Mavroudakis N, Brunko E, Nogueira M C, Zegers de Beyl D
Laboratoire de Neurophysiologie Clinique, Hôpital Erasme, Brussels, Belgium.
Electroencephalogr Clin Neurophysiol. 1991 Mar;78(3):263-6. doi: 10.1016/0013-4694(91)90042-3.

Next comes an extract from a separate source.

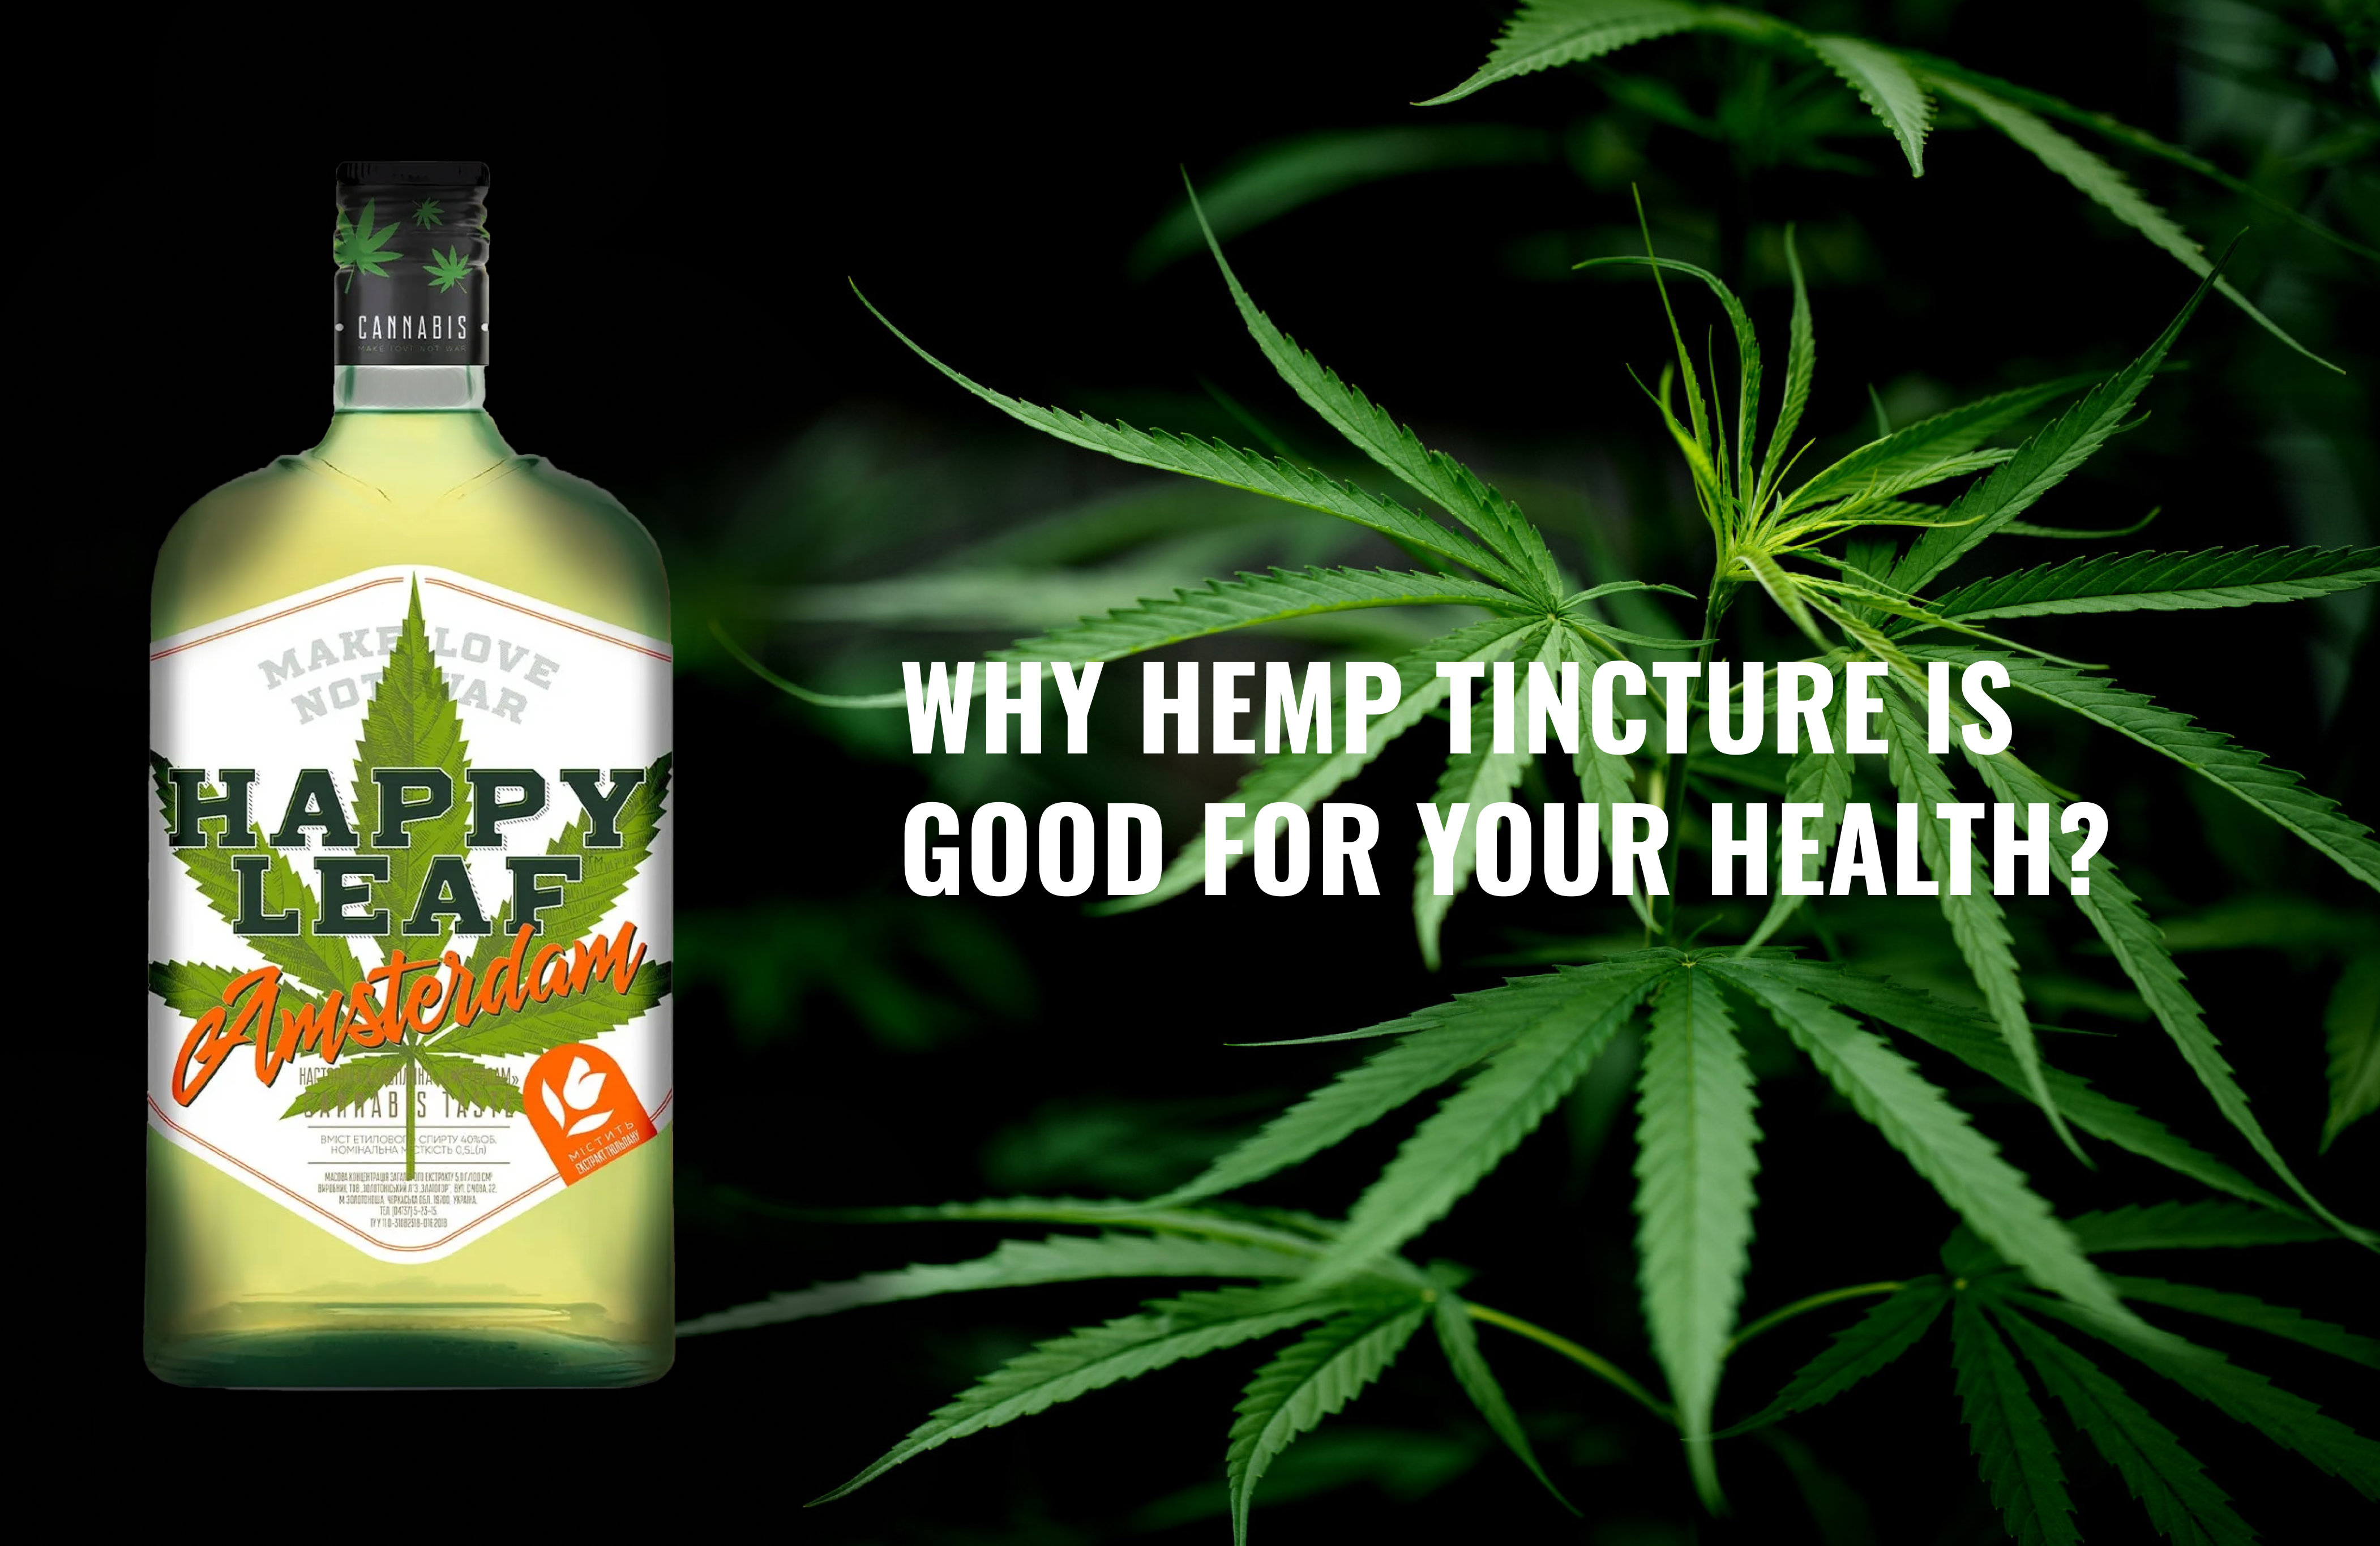 Why Hemp Tincture Is Good for Your Health

We studied the acute effects of an intravenous loading dose of DPH (16 mg/kg body weight) on peripheral and central somatosensory conduction in 10 normal volunteers. Somatosensory evoked potentials were recorded before and at regular intervals after DPH infusion. There was no effect on peripheral conduction. DPH significantly delayed N13 peak latency without changing conduction in the posterior spinal columns. Although the N13-N20 interpeak interval remained stable because of the parallel shift of the 2 peaks, the central conduction time measured from onset latencies of N11 and N20 significantly increased. We conclude that acute administration of DPH at serum levels below 30 micrograms/ml induces a reversible delay of synaptic transmission in spinal and central somatosensory structures.
我们研究了静脉注射负荷剂量的苯妥英(DPH,16毫克/千克体重)对10名正常志愿者外周和中枢躯体感觉传导的急性影响。在注射DPH之前和之后定期记录体感诱发电位。对外周传导没有影响。DPH显著延迟了N13峰潜伏期,而不改变后脊髓柱的传导。尽管由于两个峰的平行移动,N13-N20峰间间隔保持稳定,但从N11和N20起始潜伏期测量的中枢传导时间显著增加。我们得出结论,血清水平低于30微克/毫升时急性给予DPH会导致脊髓和中枢躯体感觉结构中突触传递的可逆延迟。